Any news I'll let you know =).

[mikegapinski]

I am pleasantly surprised that you even managed to pinpoint the problematic location. Kudos!

I guess it would make sense to add my Android.bp makefile to your repository after this gets resolved. I have not seen a lot of easy to use web socket libs for the NDK, AOSP comes with libwebsockets but it's overkill for most people

[Theldus]

@mikegapinski Fixed in d0961b3.

The problem was my macro CLIENT_VALID() not properly checking if a client was valid or not. Due to that, ws_ping()/send_ping_close() was attempting to send a ping frame to an invalid client, which clearly have invalid mutexes as well =).

Please let me know if this commit fixes your issue =).

I guess it would make sense to add my Android.bp makefile to your repository after this gets resolved. I have not seen a lot of easy to use web socket libs for the NDK, AOSP comes with libwebsockets but it's overkill for most people

Thanks.
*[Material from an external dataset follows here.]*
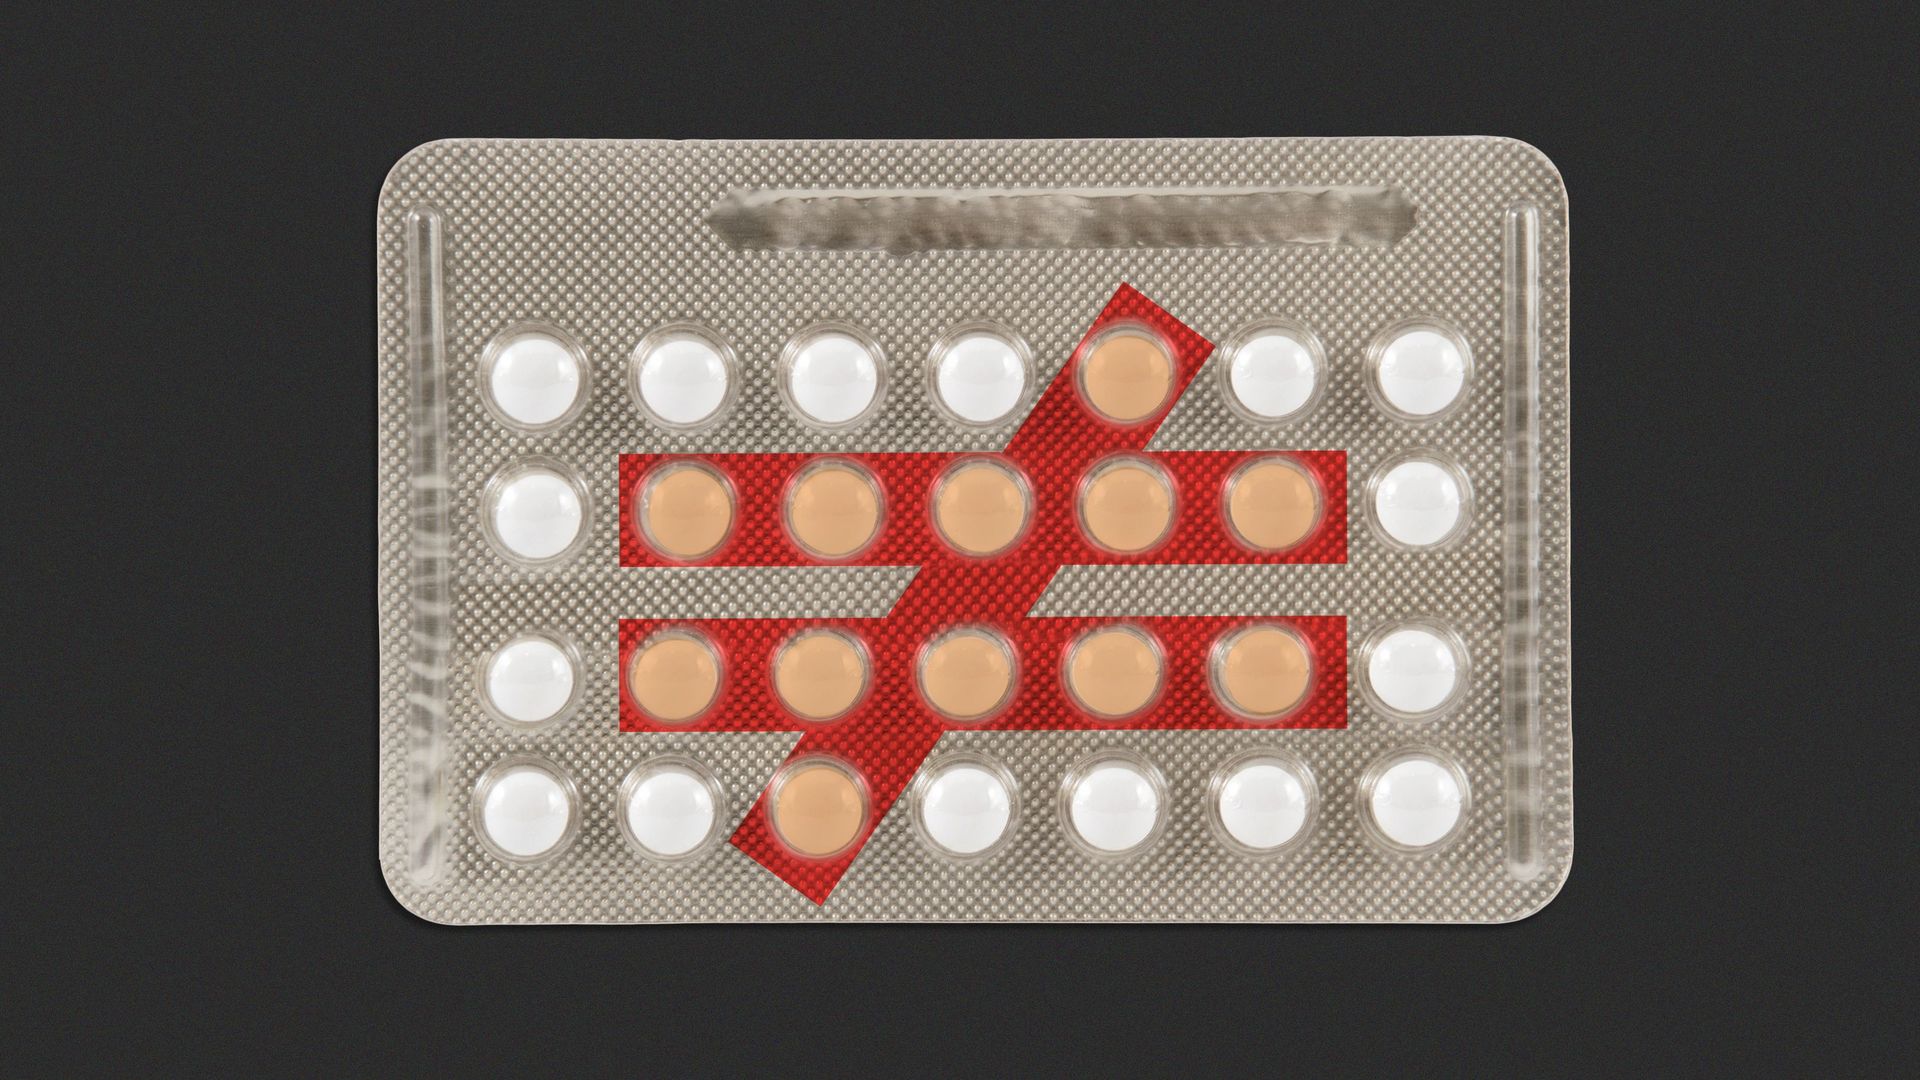 Illustration of contraceptive pills with an inequality sign overlaid on top.

This has always been my intention: to have an easy-to-use WebSockets library for C, I'm glad this still holds true over the years =).

I'm not familiar with AOSP, but from what I've read here, it appears that AOSP projects have their own version of the "Makefile." I'm not sure if anyone else would use wsServer for this purpose besides you, but feel free to submit a PR =).

[mikegapinski]

@Theldus Rebuilding with your patch + reversed libc change. About the Makefile for AOSP, it's nothing fancy: https://github.com/tesla-android/android-external-libws/blob/main/Android.bp

But one thing for sure, not a lot of people cook their own versions of Android on a daily basis, it would make more sense to prepare the library for the NDK. I'll take a look into it at some point when I have free time. Now we know that it'll work well on Android so it makes sense to include a ready to use version for others to enjoy

[mikegapinski]

@Theldus I verified your patch, works 100%. Closing this issue. Thanks for your help!